> _What is needed_:
The copy should begin at the line containing "Disney's Aladdin at" and end with the last line below, every line exact and no picture included.

> _Data excerpt_:
╔══

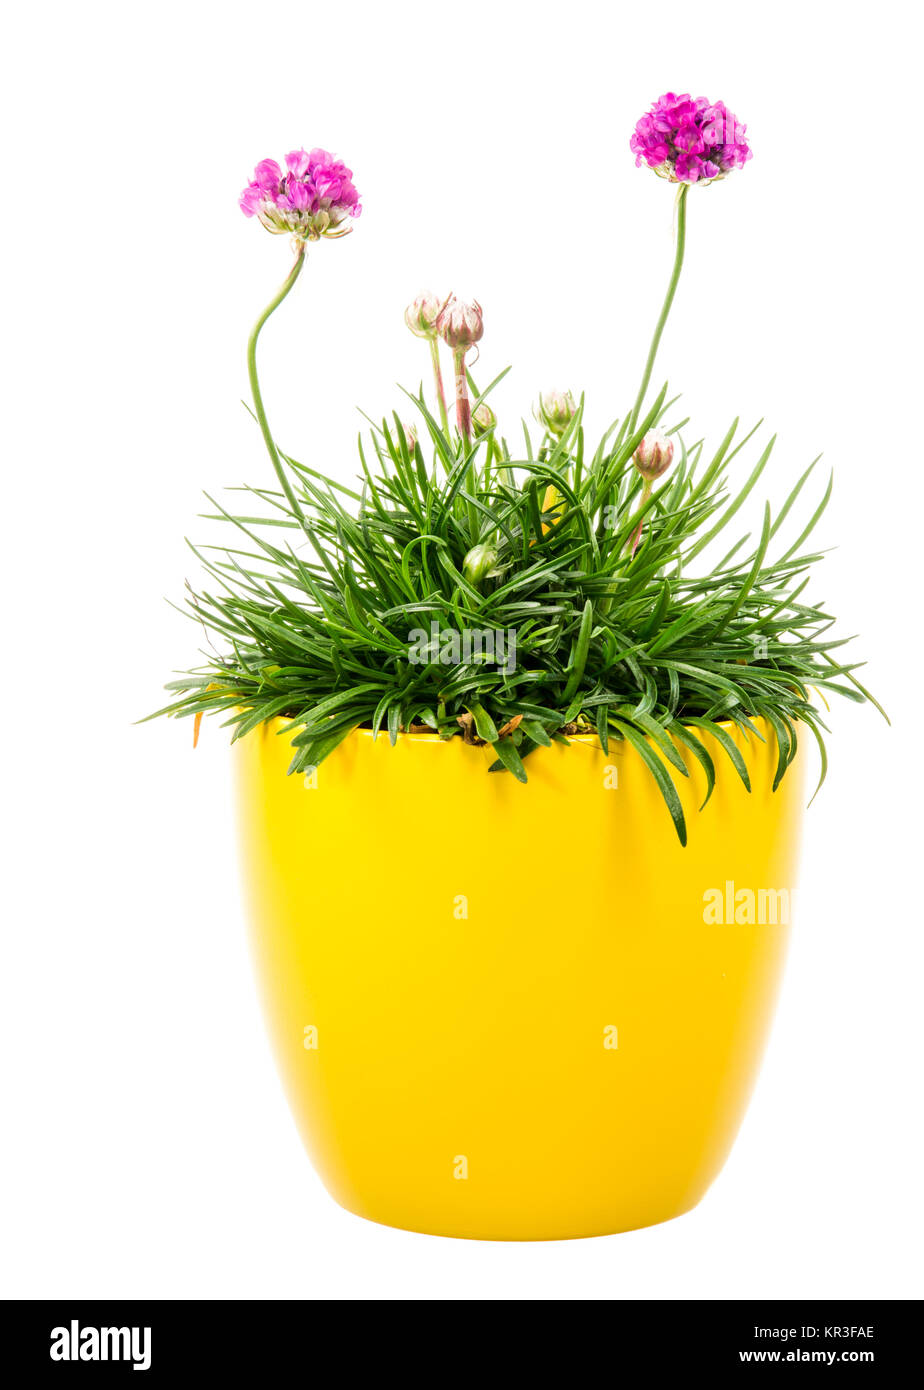 Pack of flowers Cut Out Stock Images & Pictures - Page 3 - Alamy
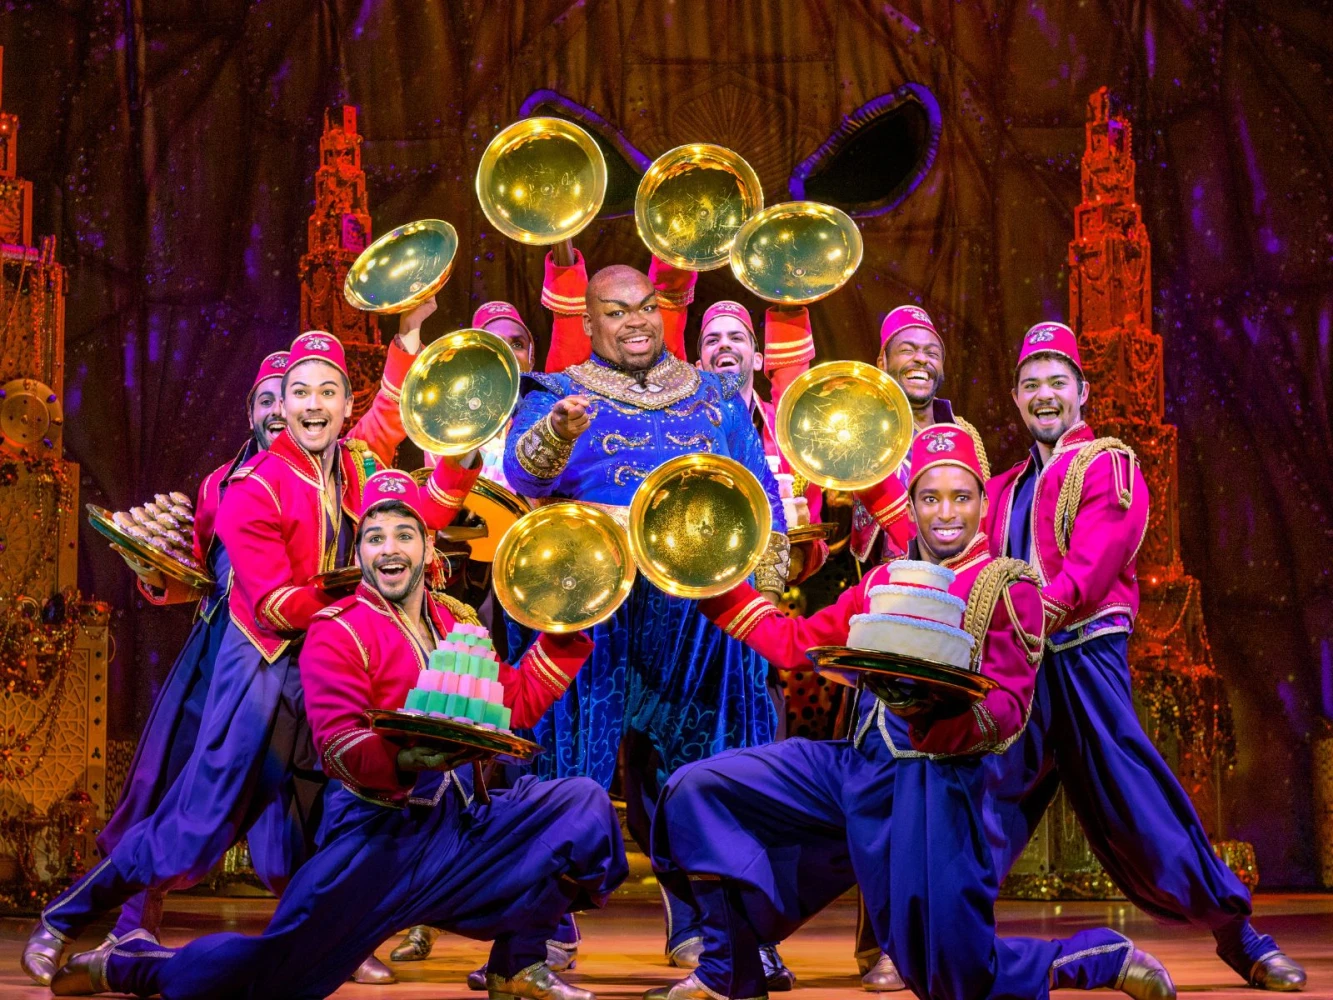 Disney's Aladdin at Segerstrom: What to expect - 3
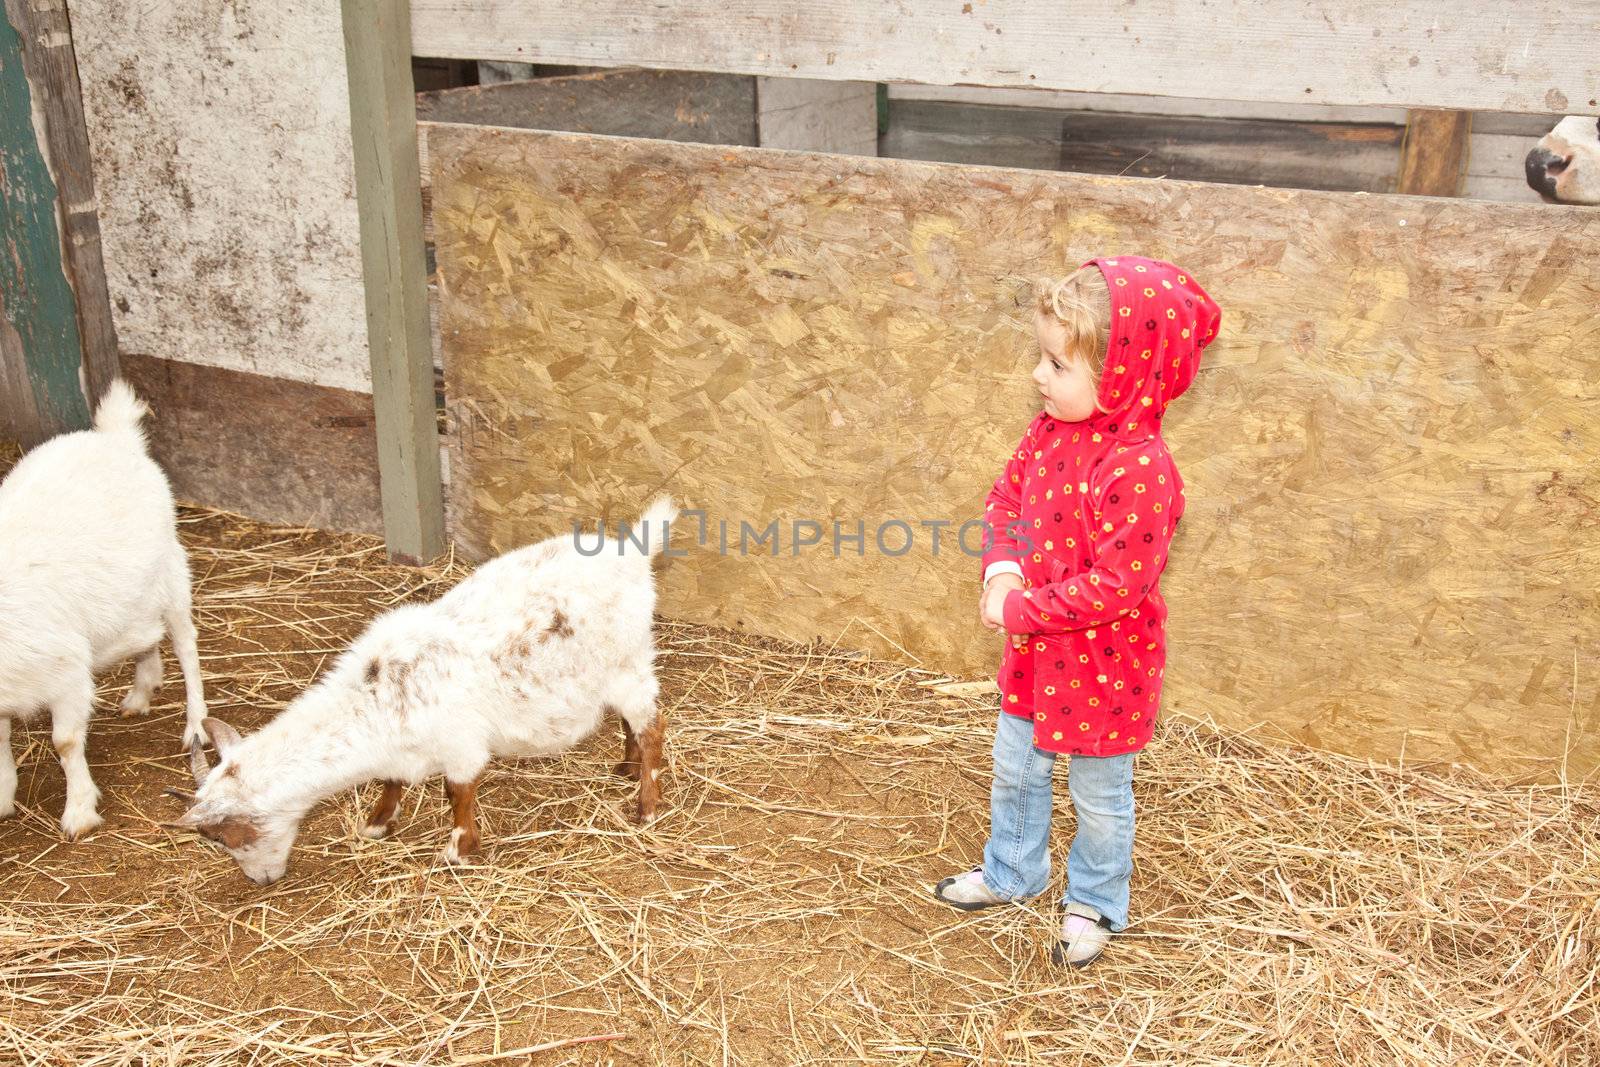 Cute little European toddler girl playing with animals in petting zoo.

╚══

> _Result for this task_:
 Disney's Aladdin at Segerstrom: What to expect - 3
 Cute little European toddler girl playing with animals in petting zoo.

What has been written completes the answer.